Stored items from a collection
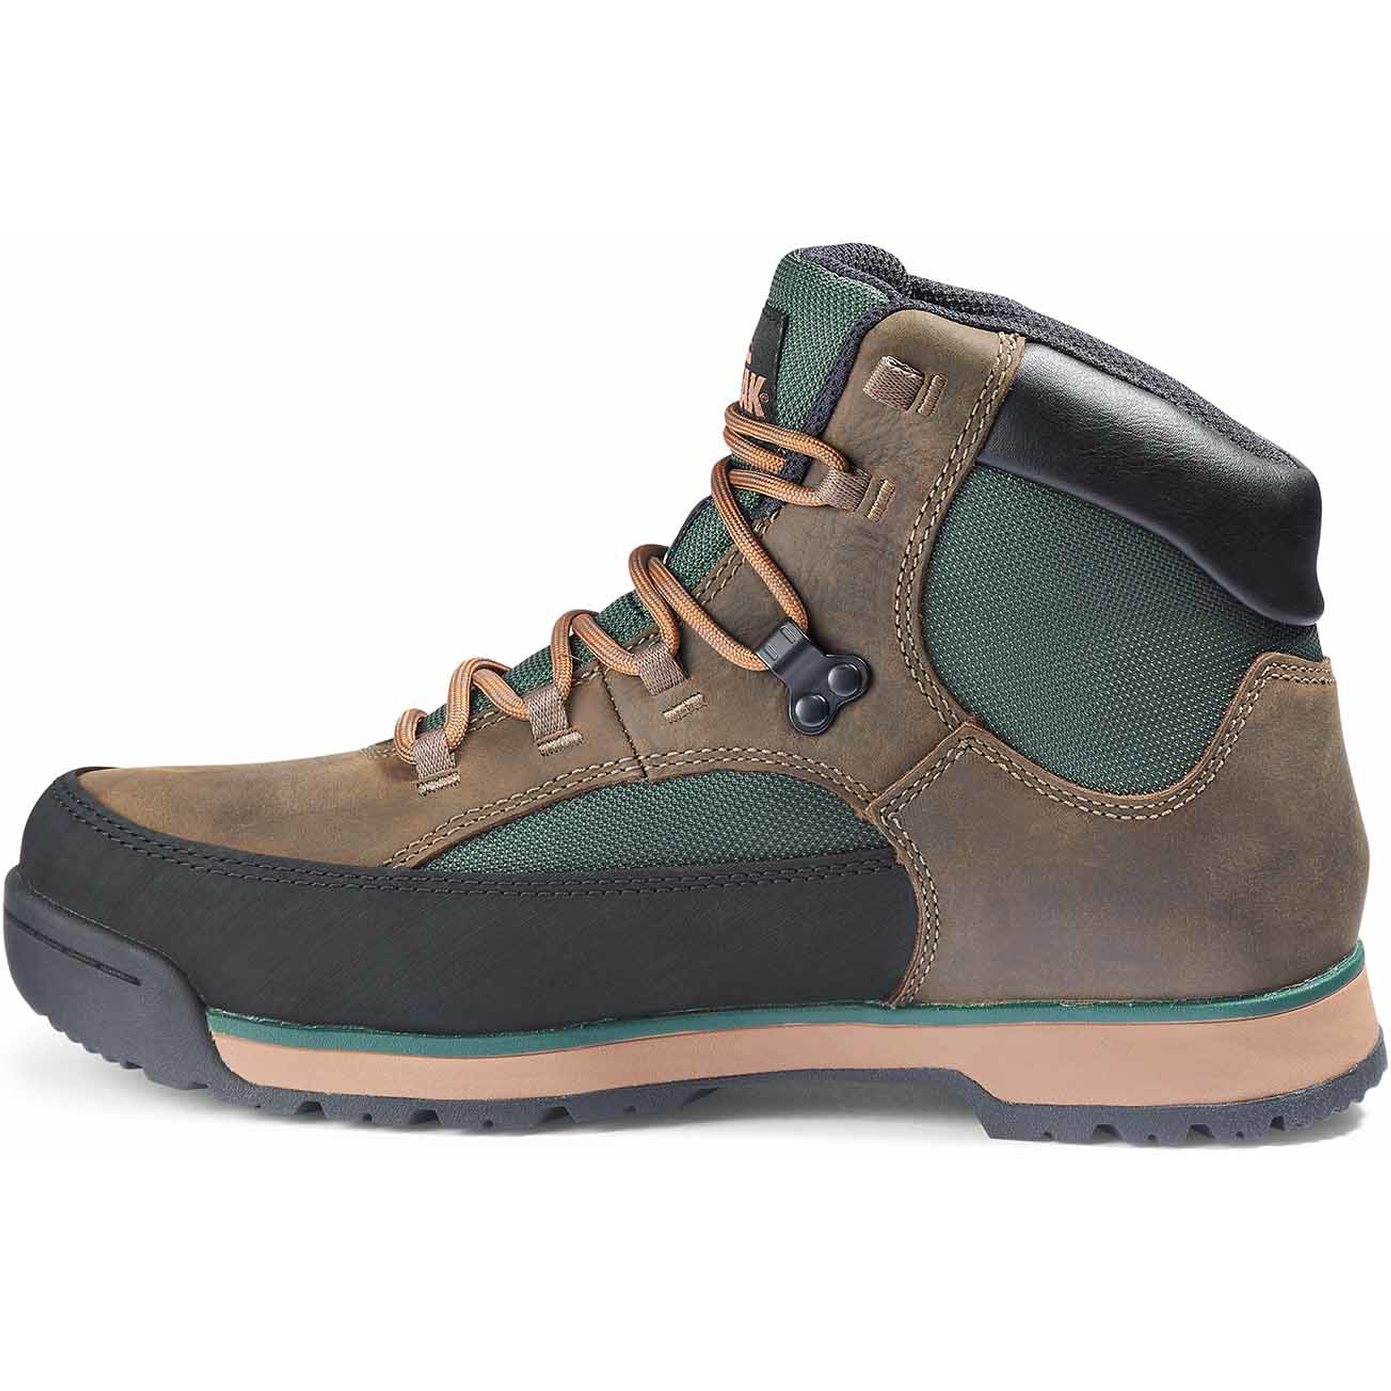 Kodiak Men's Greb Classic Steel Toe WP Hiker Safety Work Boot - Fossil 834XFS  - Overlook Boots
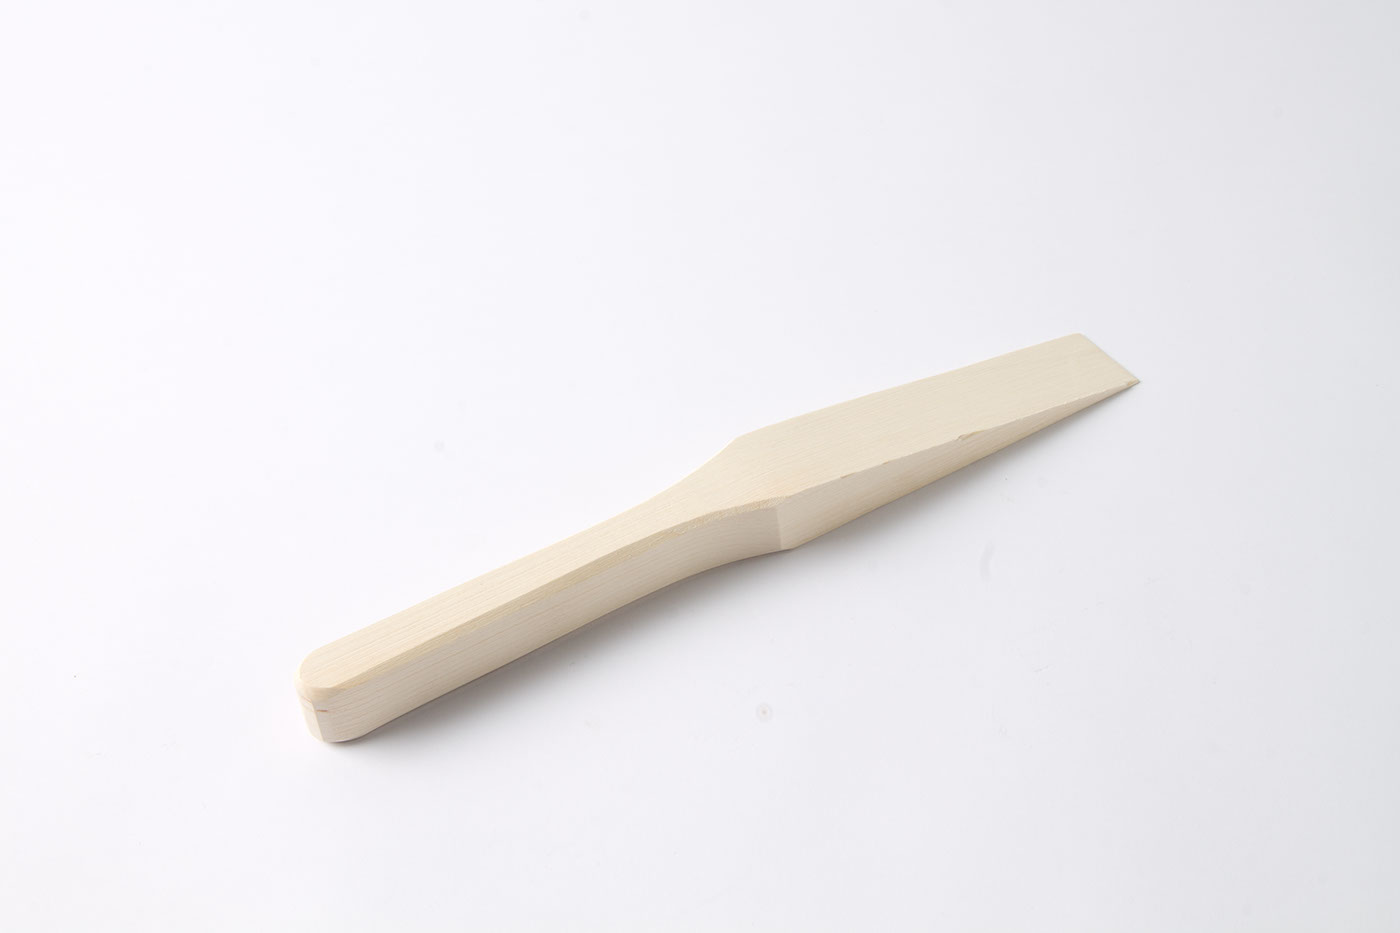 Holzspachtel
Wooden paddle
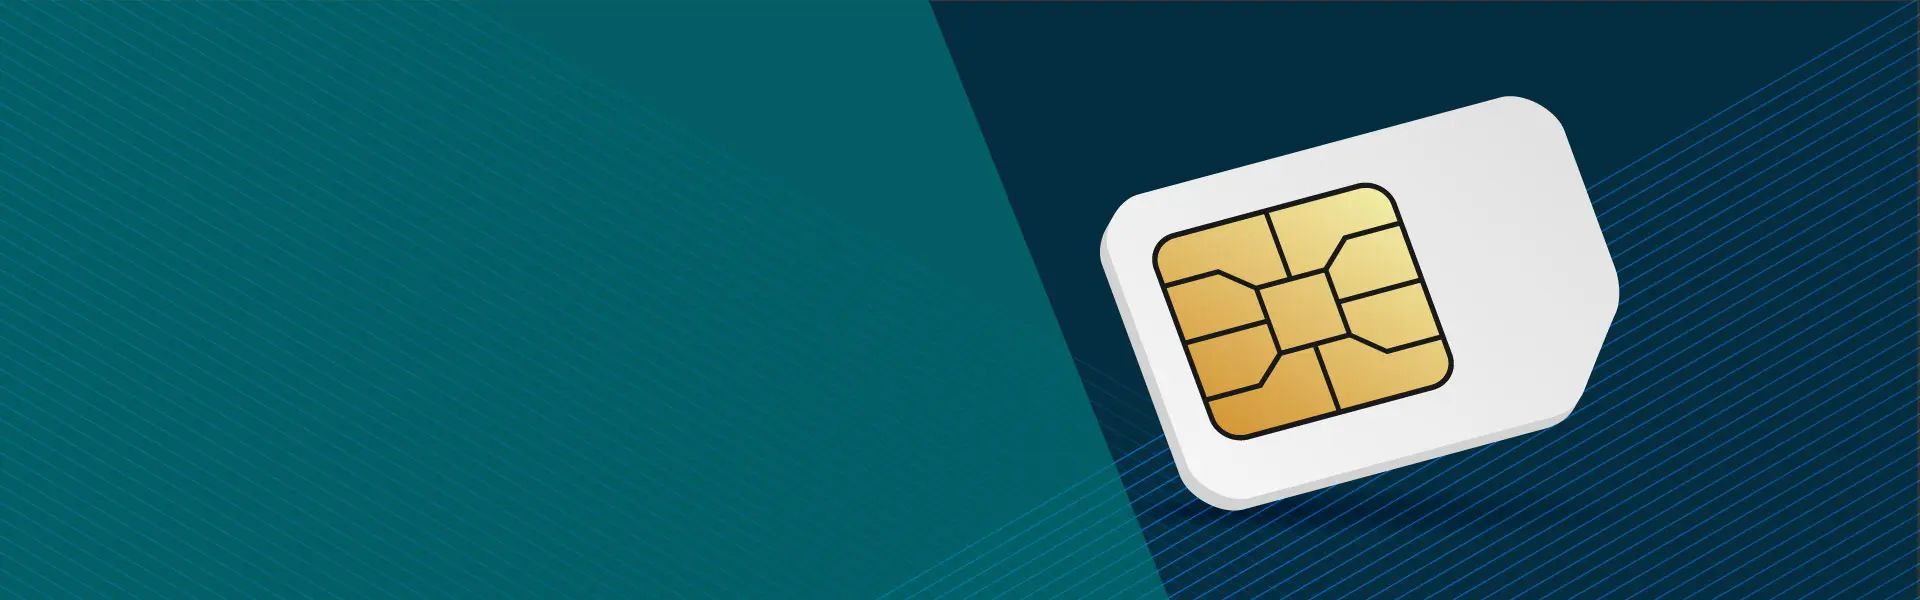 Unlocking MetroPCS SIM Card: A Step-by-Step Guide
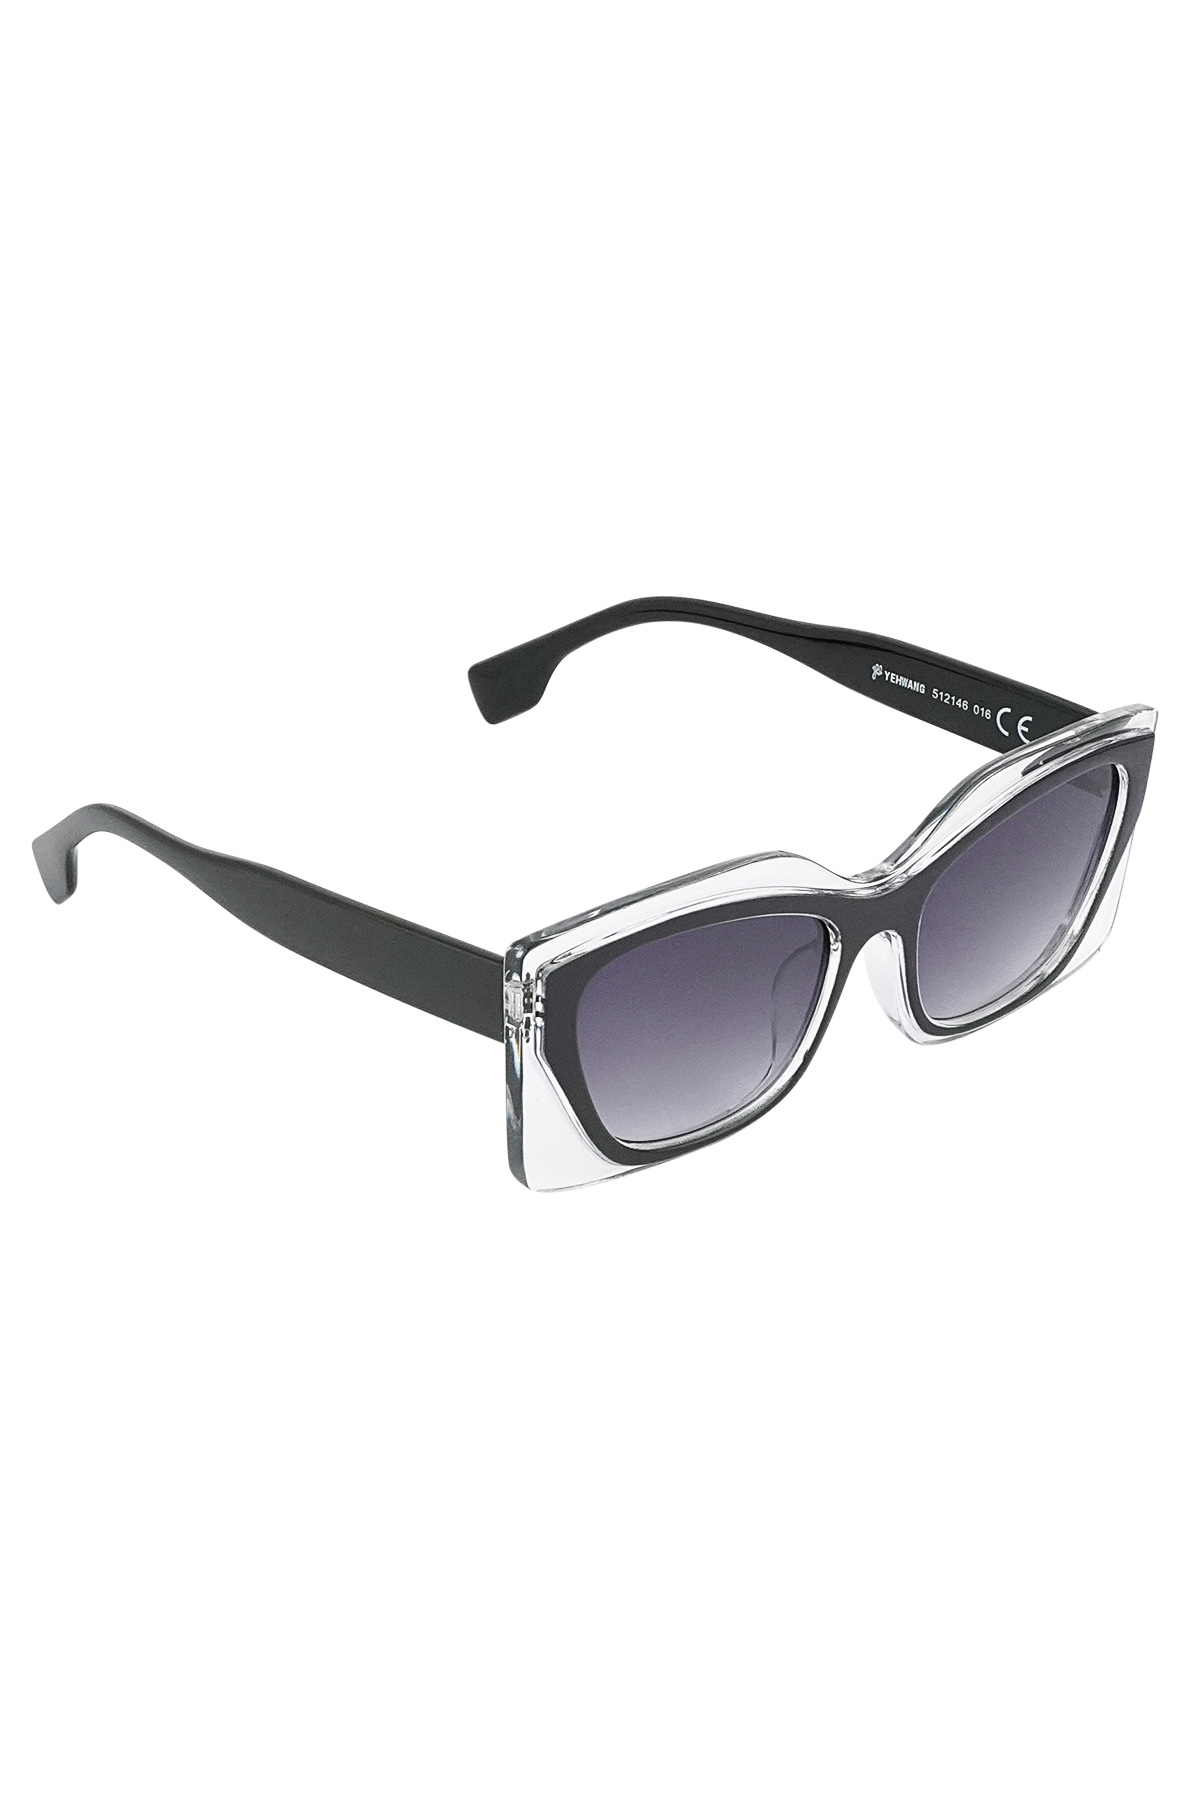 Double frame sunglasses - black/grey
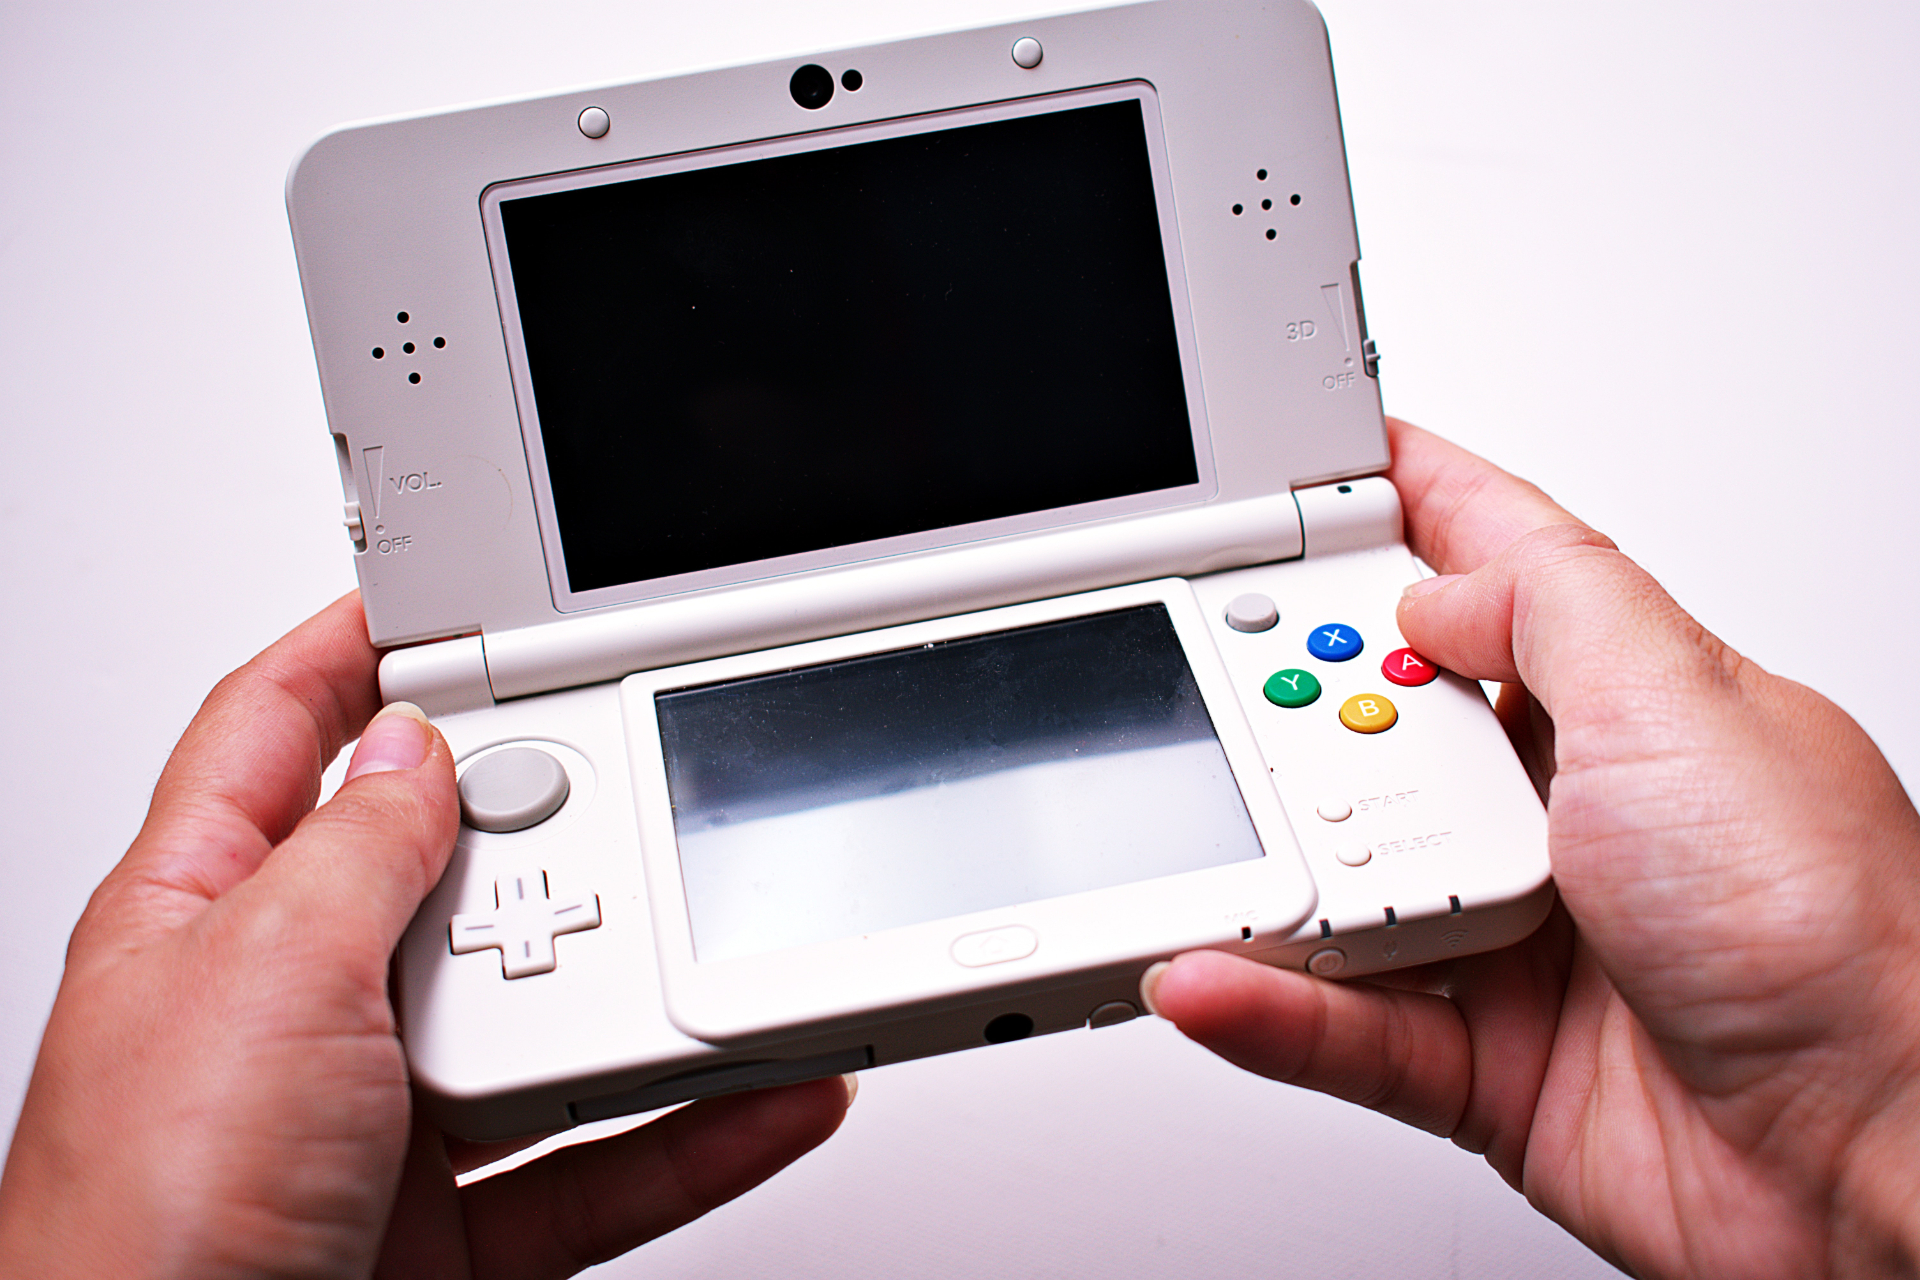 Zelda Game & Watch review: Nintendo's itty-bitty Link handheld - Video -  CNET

Work order
With the pictures excluded, the line containing "Wooden paddle" and every line after it through the end of the data above are to be transcribed exactly, and nothing more.

Solution to the exercise
Wooden paddle
 Unlocking MetroPCS SIM Card: A Step-by-Step Guide
 Double frame sunglasses - black/grey
 Zelda Game & Watch review: Nintendo's itty-bitty Link handheld - Video -  CNET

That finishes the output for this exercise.